§ Information shown
BEGIN
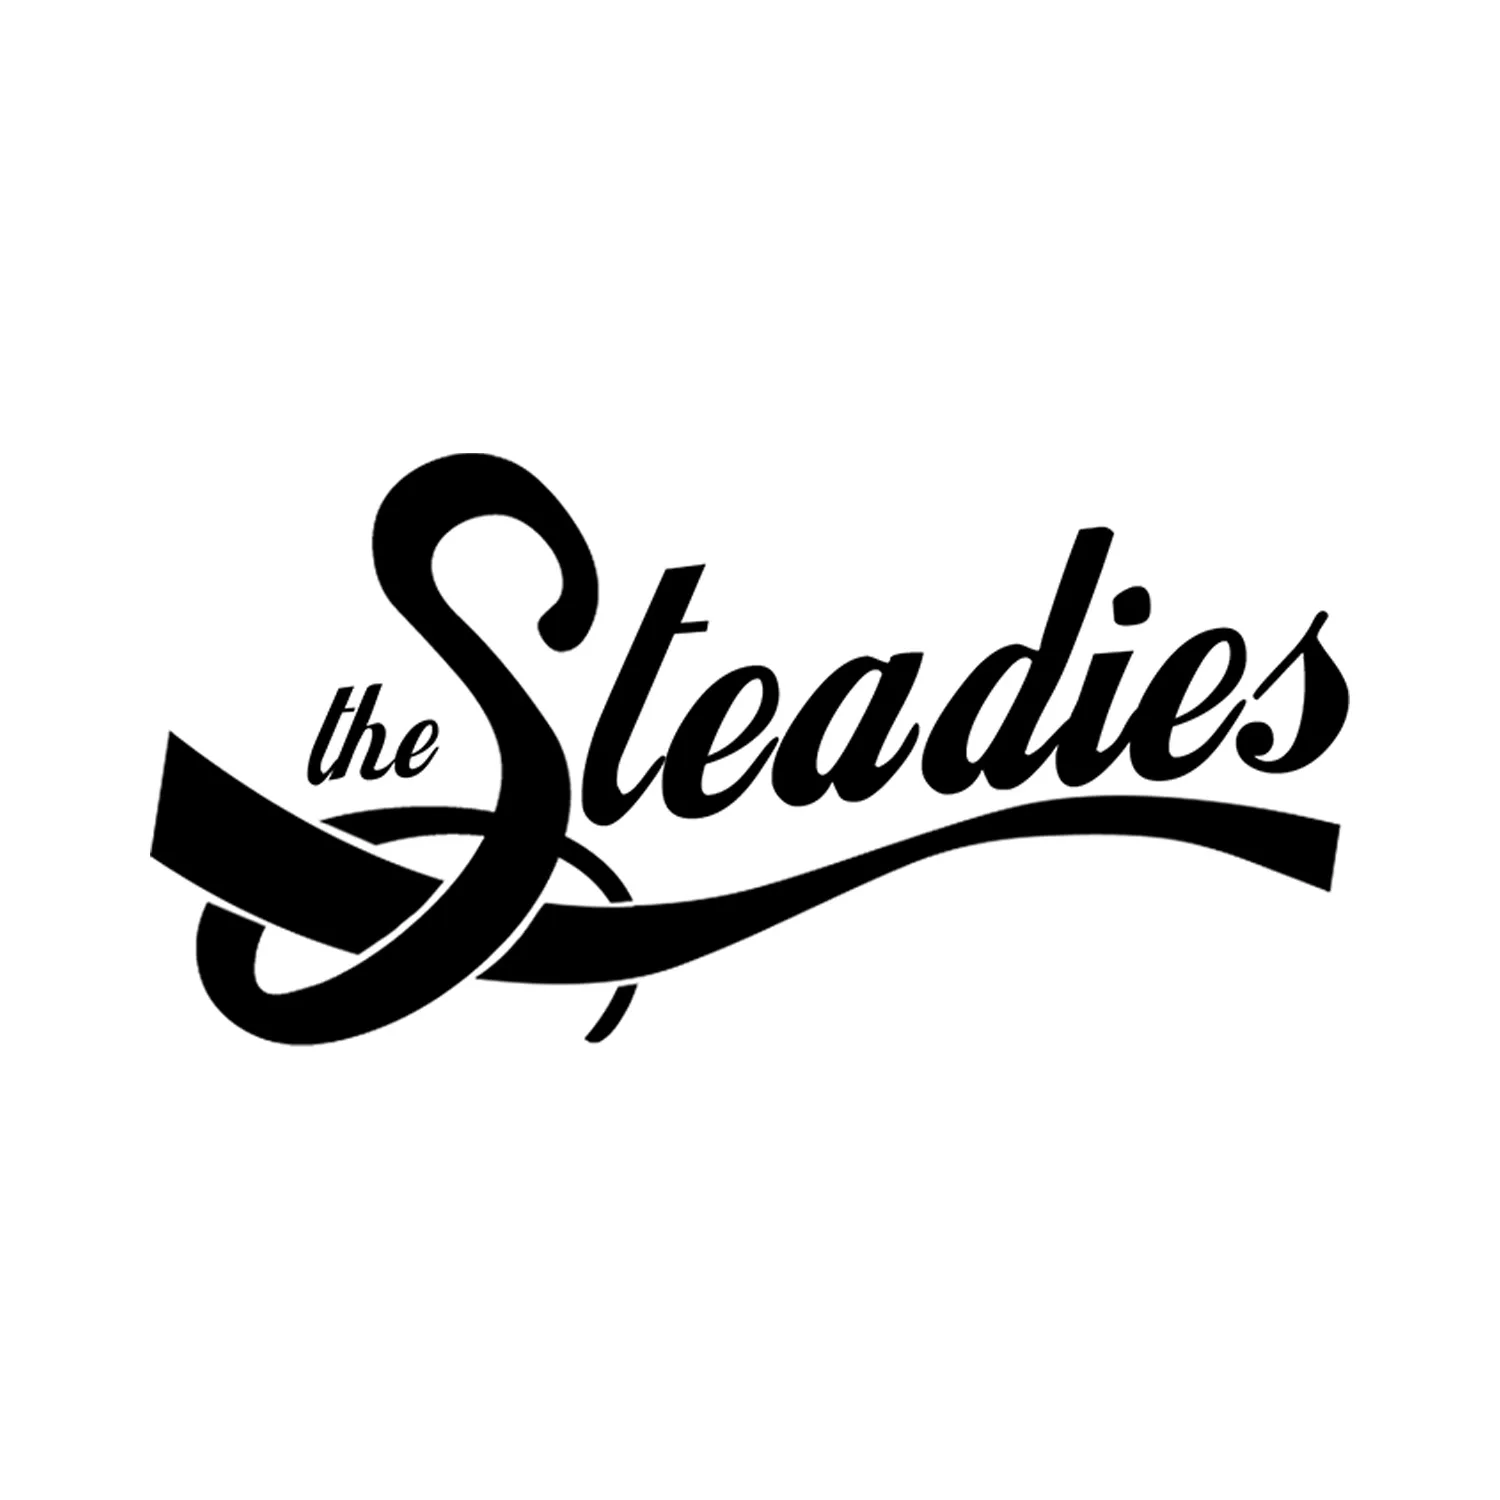 The Steadies + Alex Paquette + Les Happycuriens
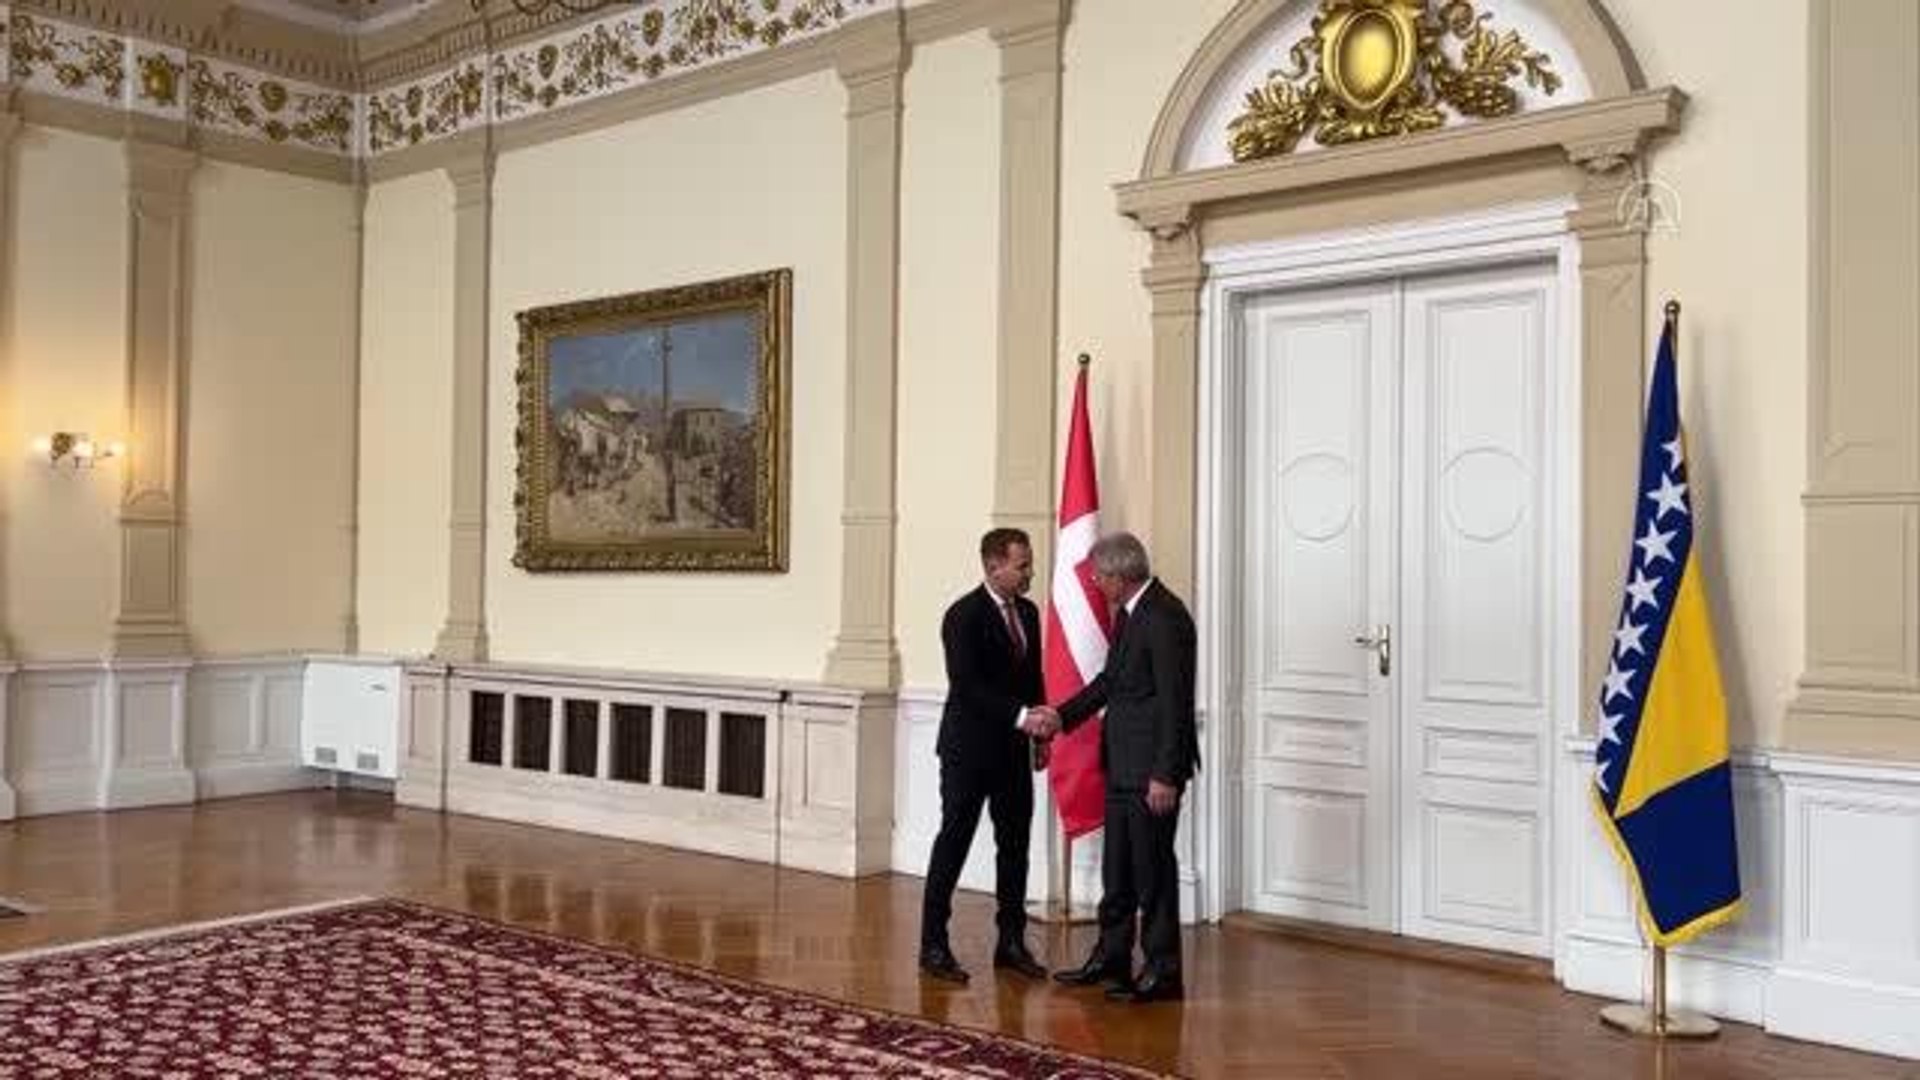 SARAYBOSNA - Danimarka Dışişleri Bakanı Kofod, Bosna Hersek Dışişleri  Bakanı Turkovic ile görüştü - Dailymotion Video
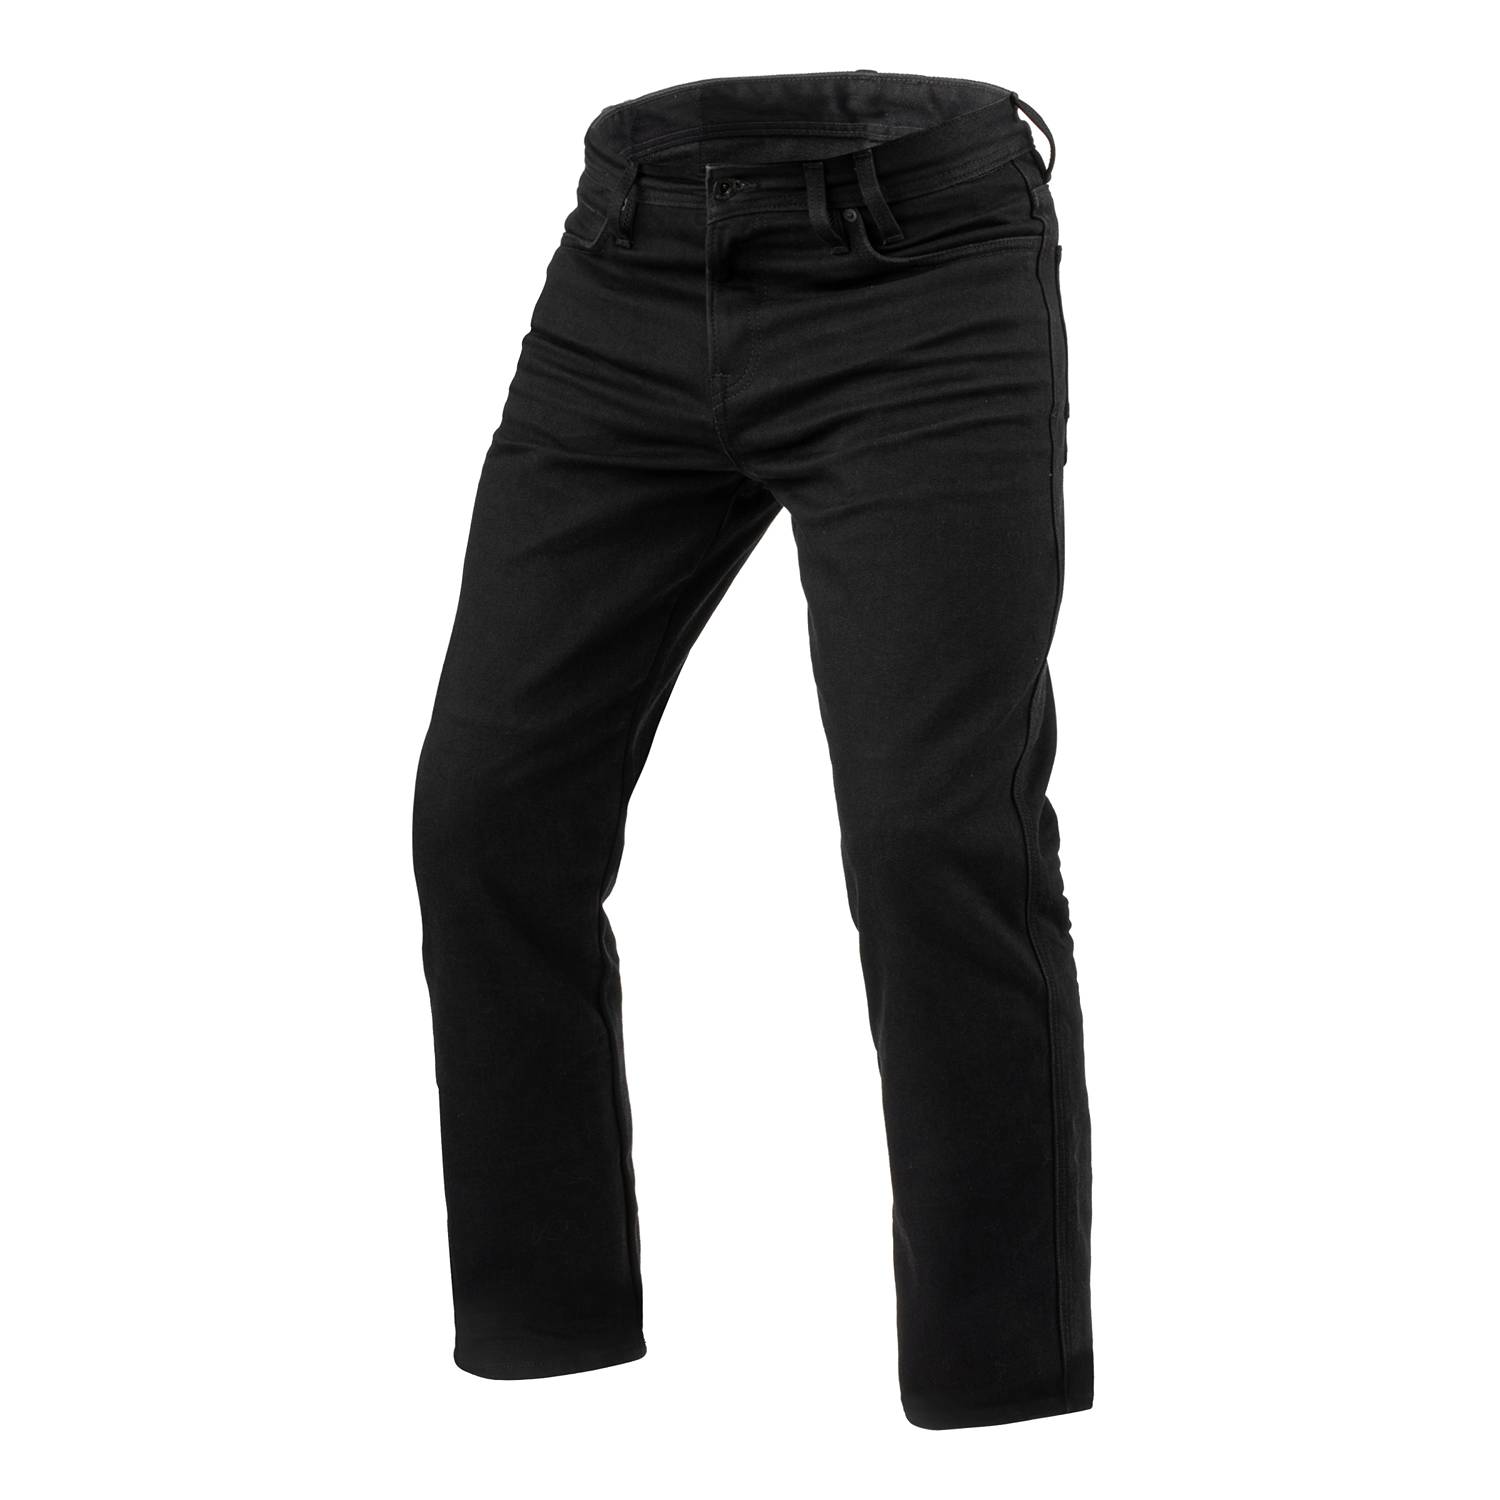 Image of REV'IT! Jeans Lombard 3 RF Black L36 Motorcycle Jeans Size L36/W30 EN
END
§ To do
All of the data needs repeating exactly, but the pictures do not.

§ Solution below
 The Steadies + Alex Paquette + Les Happycuriens
 SARAYBOSNA - Danimarka Dışişleri Bakanı Kofod, Bosna Hersek Dışişleri  Bakanı Turkovic ile görüştü - Dailymotion Video
 Image of REV'IT! Jeans Lombard 3 RF Black L36 Motorcycle Jeans Size L36/W30 EN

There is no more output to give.